While the facts are interesting, however, what makes the book are Maf’s observations. Somehow, O’Hagan manages to imbue Maf with a persona, a voice, that works. It’s not twee or sentimental. It’s a little tongue-in-cheek, it’s knowing, and it’s clear-eyed but with compassion where compassion’s due. Maf notices for example the paradox contained in:
… the upper classes arguing in favor of radical politics while their servants set down their tea in front of them.
One of the issues that crops up regularly is the line between art/fiction and reality, which is not surprising in a book populated with actors and other artists. Early in the book Maf tells us that dogs**:
have none of that fatal human weakness for making large distinctions between what is real and what is imagined.
I like this. I fear that too often we polarise life/reality and art/imagination, particularly in literary analysis. We might express discomfort, for example, with a dog narrating a story about people! We “trust” realism, and we distrust or are uncomfortable with the opposite, with what we deem to be “not believable”.
A little later, playing with this idea from a different tack, he tells us:
We are what we imagine we are: reality itself is the true fiction.
Marilyn’s inability to sort this out probably contributes to her undoing. The book’s title suggests that we will get to understand Marilyn, but we don’t. She is, at the end, as elusive, “unearthly”, “abstracted”, as ever she was … which is probably the most realistic (ha?) way to go!

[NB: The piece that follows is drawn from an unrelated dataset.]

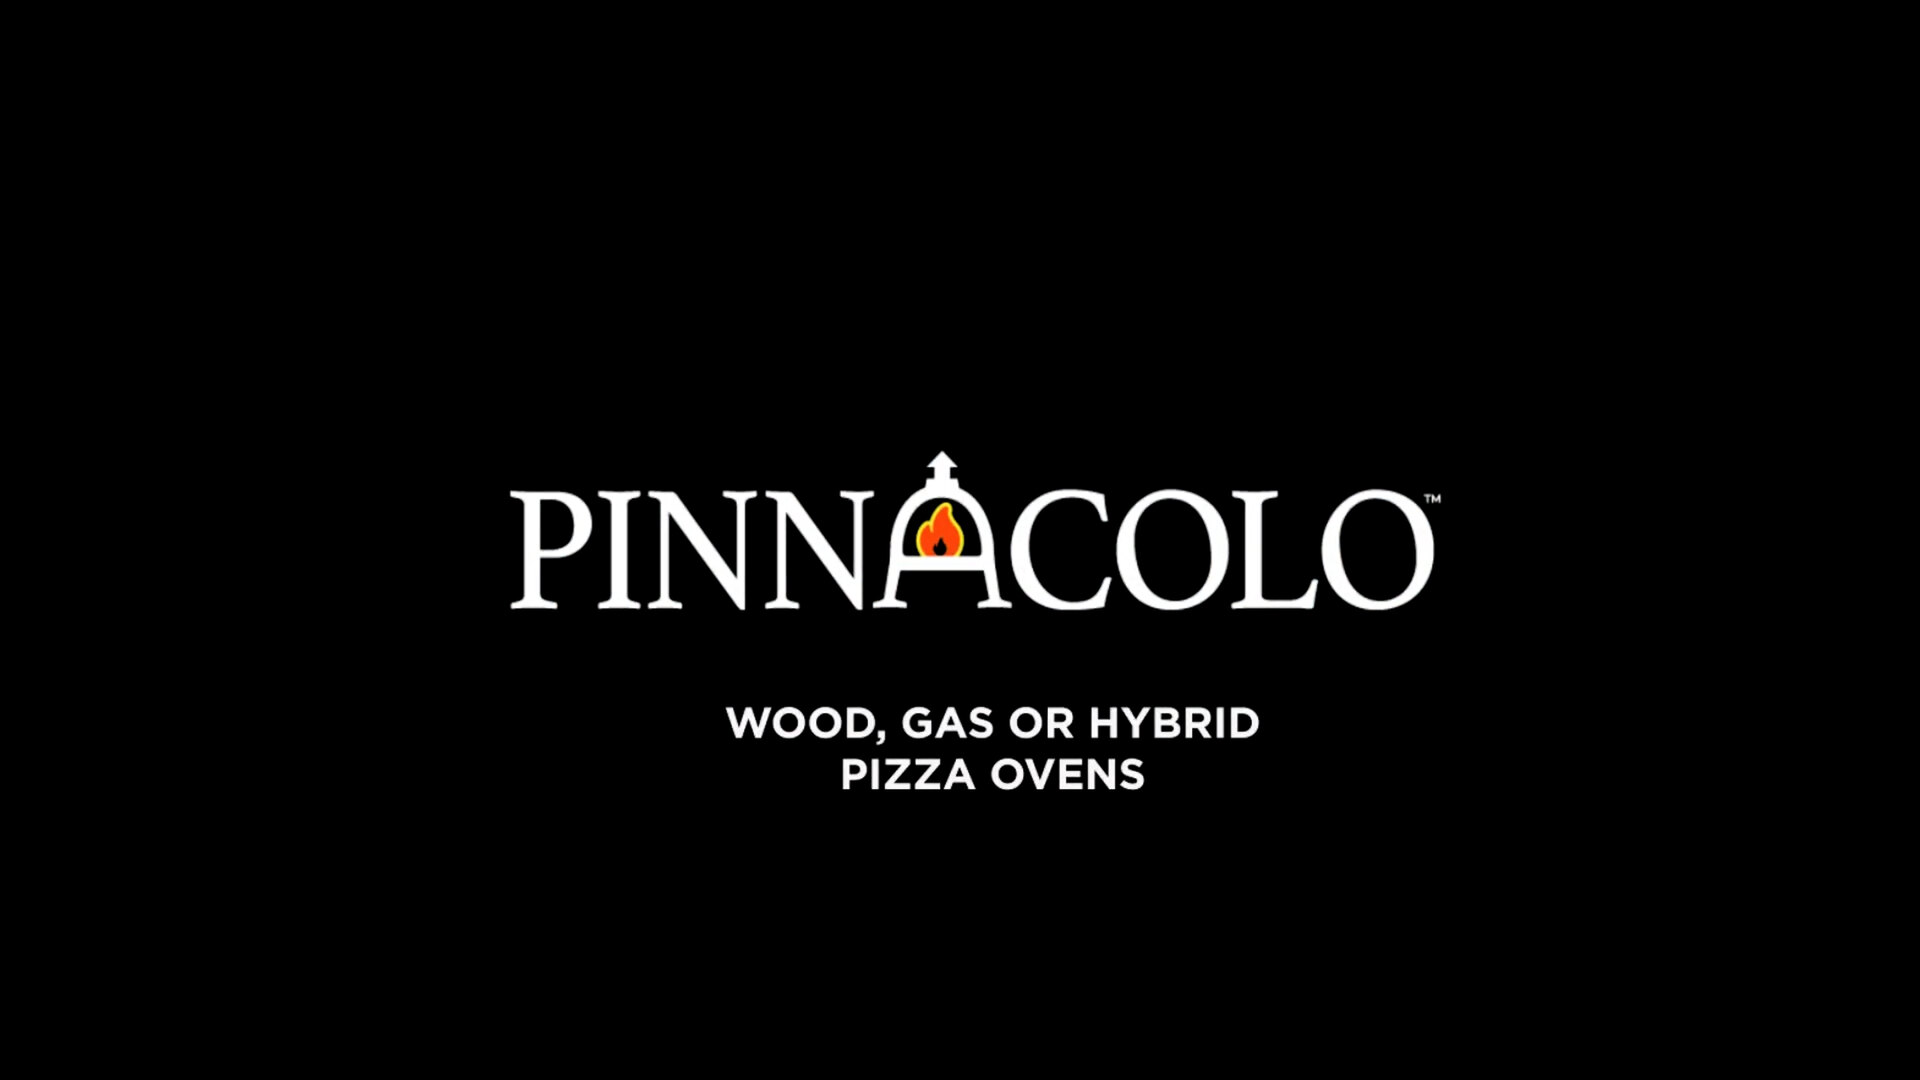 PINNACOLO Ibrido HYBRID Wood Gas Pizza Oven with Accessories

Maf says Marilyn taught him that:
A novel must be what only a novel can be – it must dream, it must open the mind.
Can’t say better than that … and this book, I reckon, gives it a good shot.
The life and opinions of Maf the dog and of his friend Marilyn Monroe
London: Faber and Faber, 2011
* A footnote, emulating Maf whose footnotes add to the fun of the book. I do like to visit the coast, to look at the sea. It’s the beaches – the spending hours on them – that I don’t like.
** In a footnote, Maf tells us there’s been a long tradition of animals speaking for humans, listing such writers as Cervantes, Orwell, Woolf, Swift, Checkhov, Gogol and Tolstoy, just in case we decide to question a tale told in his voice!